PIs: Ming Hammond (UCB), Donald Rio (UCB) with Liana Lareau

Alternative pre-mRNA splicing is a major pathway for the regulation of gene expression in metazoans, including humans. It provides a mechanism for cells to generate vast cellular proteomic diversity from a limited number of genes. Recent estimates indicate that >95% of human protein coding genes give rise to two or more spliced variant mRNAs, often in different cell, tissue, or organ types. Importantly, many disease gene mutations in humans cause defects in RNA processing and surveillance pathways, including pre-mRNA splicing. 10-15% of pathogenic mutations occur at splice sites, and many inherited diseases, including neurological, metabolic and myogenic disorders, result from a wider array of mutations causing RNA mis-splicing. Altered pre-mRNA splicing patterns have been linked to cancers such as breast and ovarian, as well as to neurodegenerative diseases. Finally, both anti-sense oligonucleotides and small molecules have shown promise as therapeutic interventions that might ameliorate splicing defects for certain mis-splicing diseases. Evidence for a role for pre-mRNA structure in control of splicing events exists for individual genes, but a comprehensive understanding of the impact of RNA structure on splicing control—and its relation to genetic variation—is not known for the human transcriptome. The investigators in the CRSB are seeking to develop, examine, and integrate transcriptome-wide RNA structure probing information with genome-wide data sets generated by the ENCODE through genome-wide comparative sequence analysis. The overall project goal is to systematically link cis-regulatory elements in pre-mRNAs to RNA structural features that control alternative pre-mRNA splicing in human cells.
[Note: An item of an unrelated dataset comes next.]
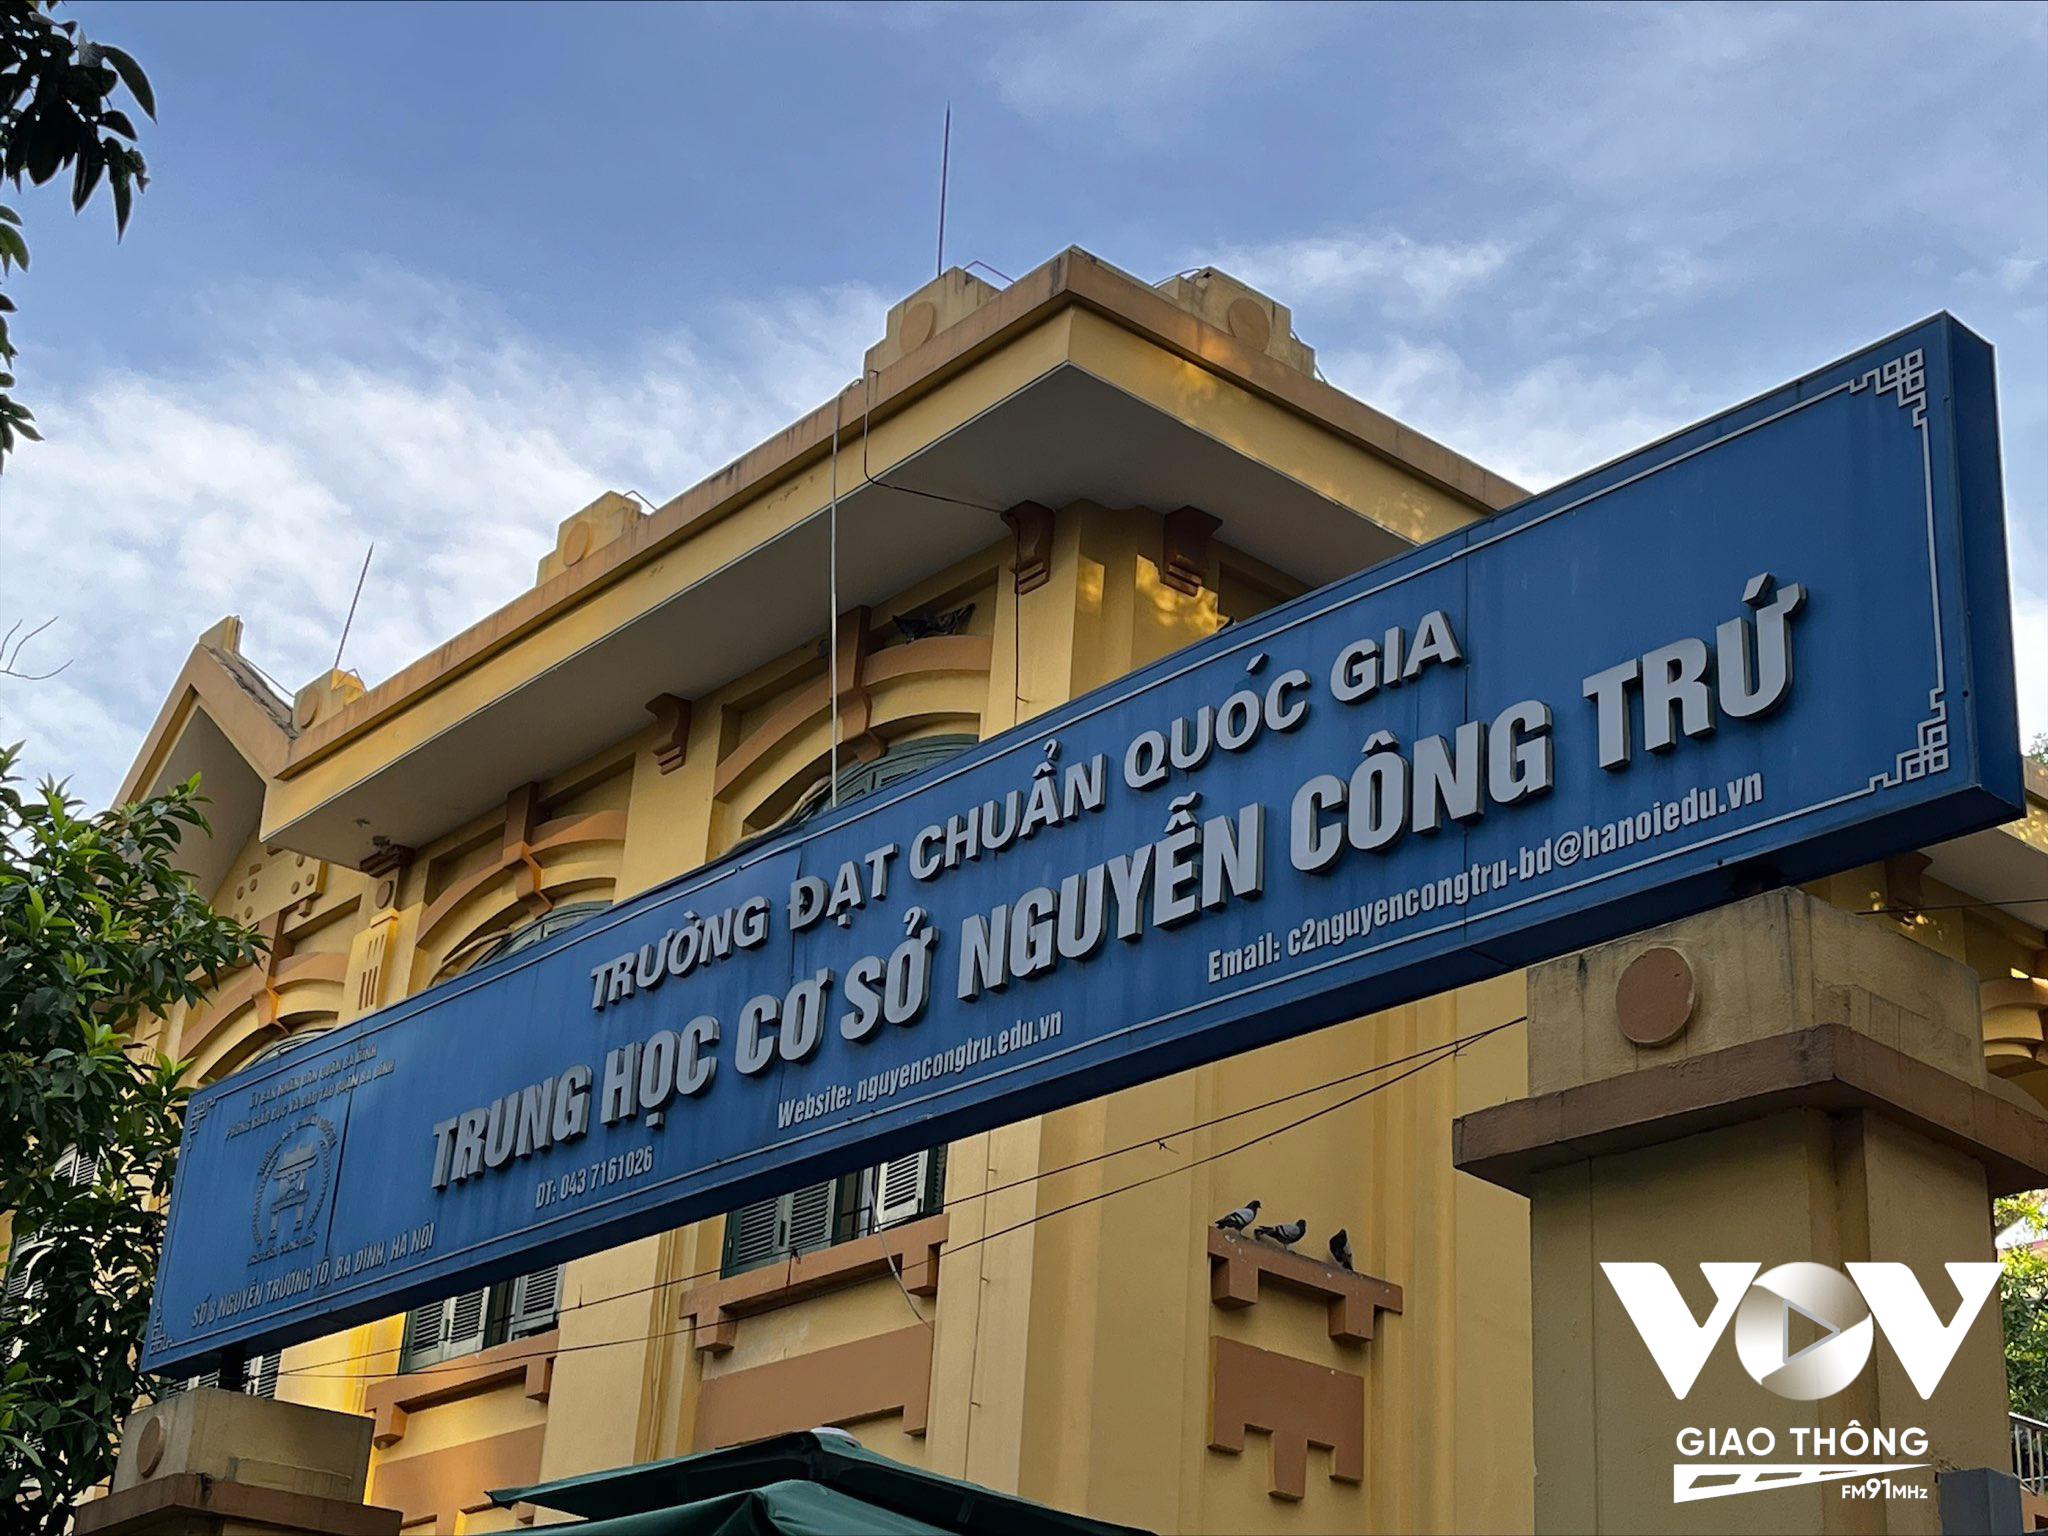 Ghi nhận tại cổng trường THCS Nguyễn Công Trứ - cũng là 1 trường đạt chuẩn quốc gia nên sức nóng cũng không hề kém cạnh các trường khác (Ảnh: Quang Hùng)

For more information about Dr. Lareau’s work, please also see Core 3.

project2Project II. Systems-Wide Analysis of Translation Initiation Control by mRNA Structure

PIs: Jamie Cate (UCB), Jennifer Doudna (UCB), Jonathan Weissman (UCSF)

Protein levels in cells correlate poorly with levels of mRNA transcripts and depend strongly on levels of translation. Regulation of translation initiation therefore serves as a key determinant of gene expression, and directly impacts many human diseases, including many cancers. In cap-dependent translation initiation, the initiation machinery scans from the 5’ end 7-methyl-G (m7G) cap structure to the correct AUG start codon, typically the first AUG codon in the mRNA sequence. Although this scanning model for translation initiation holds for many mRNAs, both in vitro and in vivo, many interesting alternative mechanisms of translation initiation exist. At present, data are lacking on how often alternative modes of translation initiation in humans are used and how the cellular machinery chooses one mode over another. While the sequence requirements for translation start codon selection have been studied for individual genes, we aim to develop an understanding of the rules for start site selection for the human transcriptome. As opposed to probing the details of cis-regulatory control in model mRNAs, the investigators in the CRSB seek to map out the RNA structural features in human mRNAs that regulate translation initiation events in living cells. The overall project goal is to systematically define cis-regulatory elements in mRNAs that control translation initiation using RNA structural mapping and ribosome profiling in cells.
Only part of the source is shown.